TASK TO COMPLETE >>
Word for word, print out all of the data, omitting every image.

DATASET EXTRACT >>
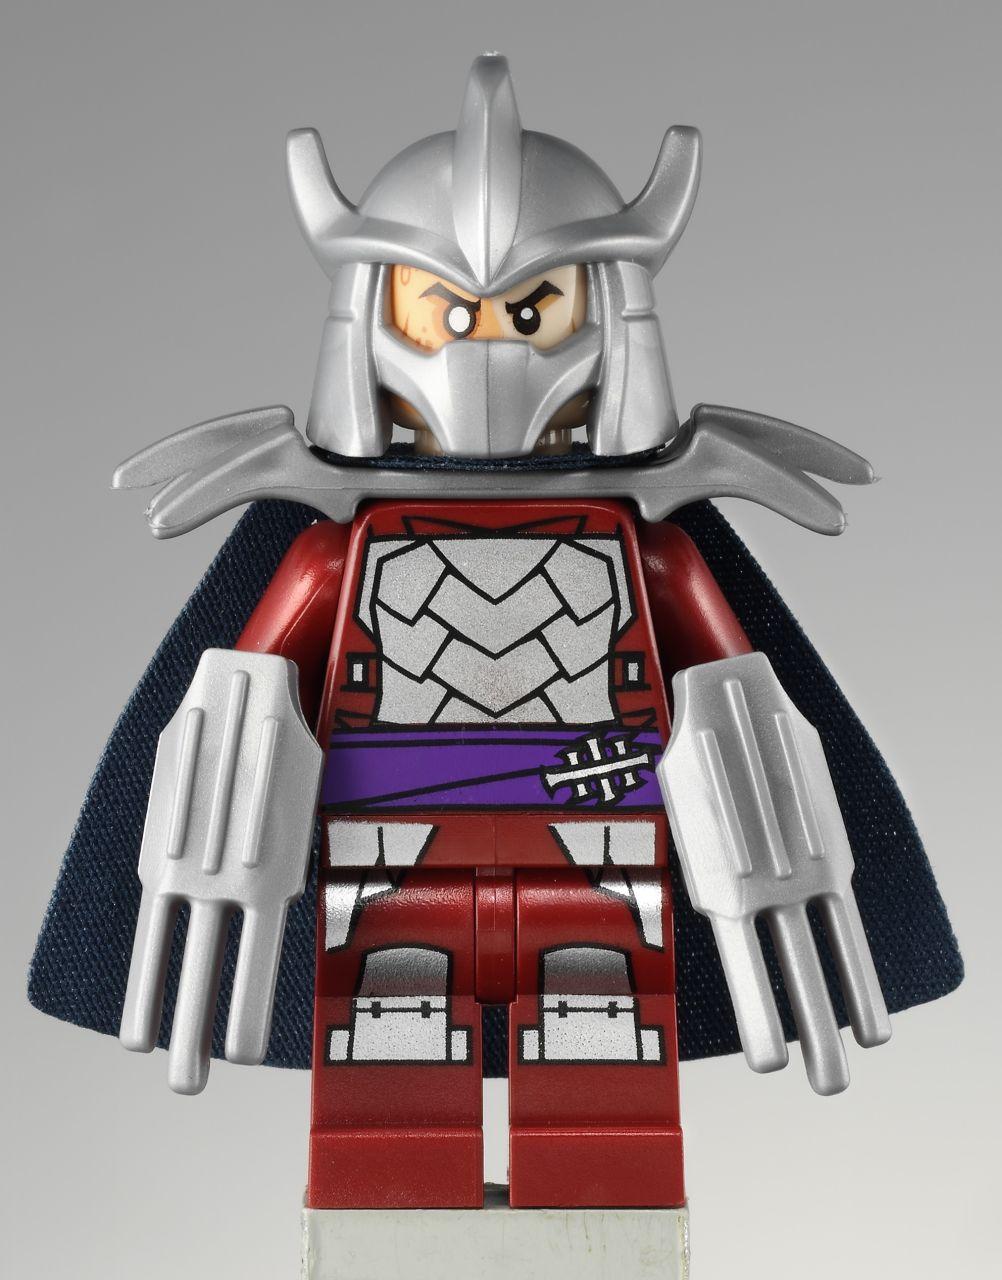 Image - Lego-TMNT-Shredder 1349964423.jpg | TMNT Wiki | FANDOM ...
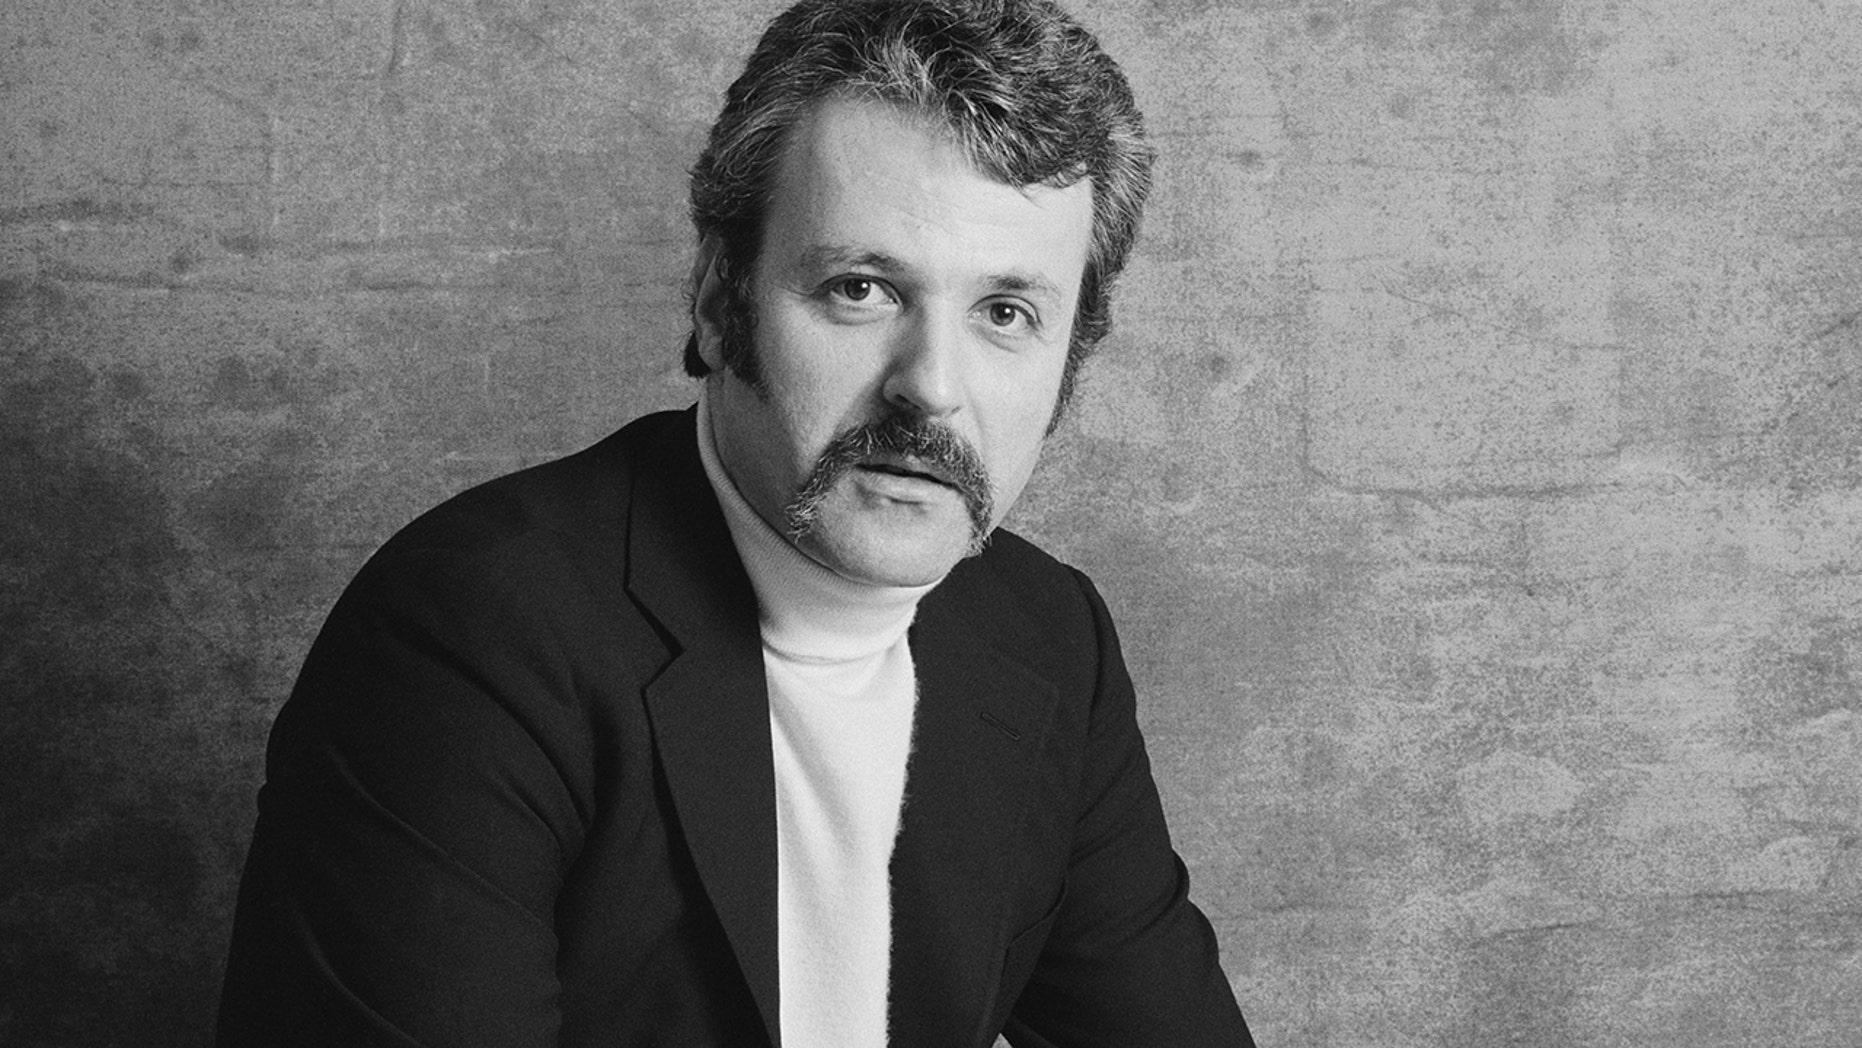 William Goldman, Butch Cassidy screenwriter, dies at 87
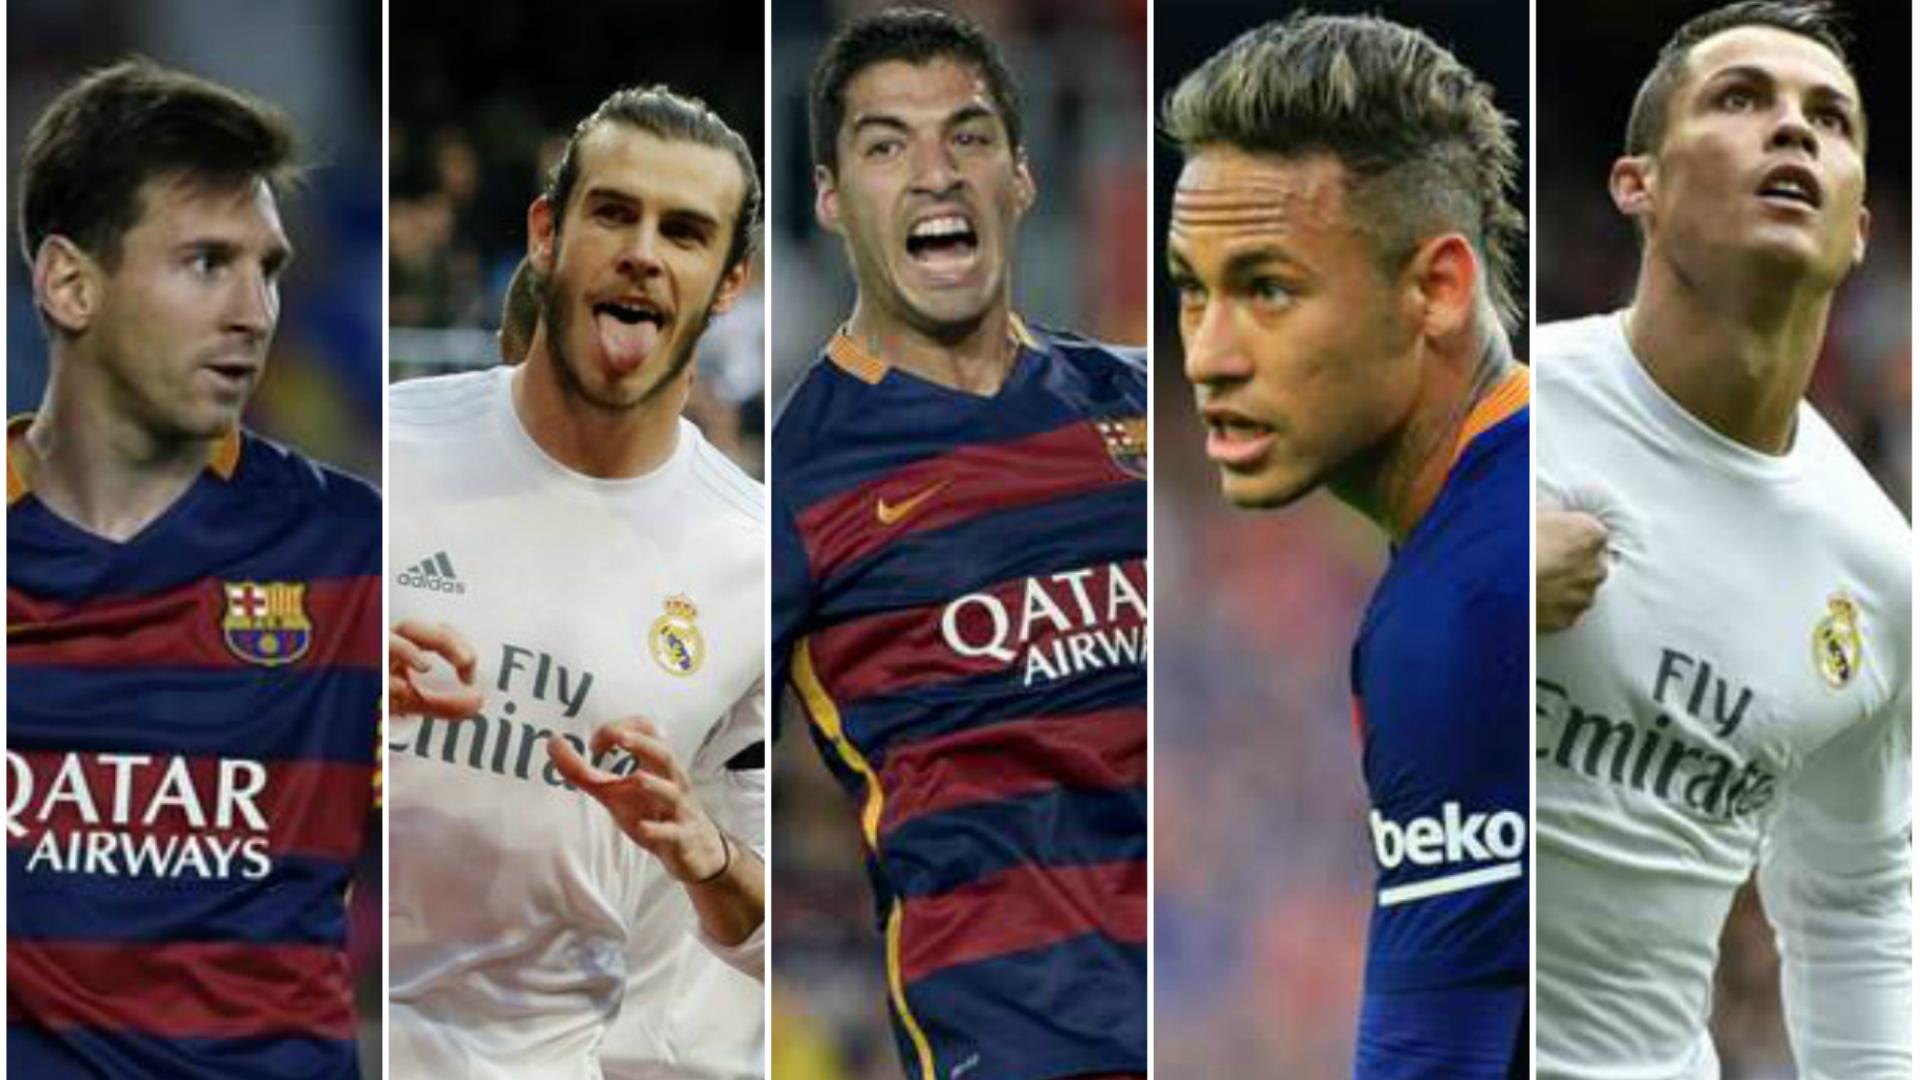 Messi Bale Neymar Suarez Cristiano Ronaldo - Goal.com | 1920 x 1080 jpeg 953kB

TASK OUTPUT >>
 Image - Lego-TMNT-Shredder 1349964423.jpg | TMNT Wiki | FANDOM ...
 William Goldman, Butch Cassidy screenwriter, dies at 87
 Messi Bale Neymar Suarez Cristiano Ronaldo - Goal.com | 1920 x 1080 jpeg 953kB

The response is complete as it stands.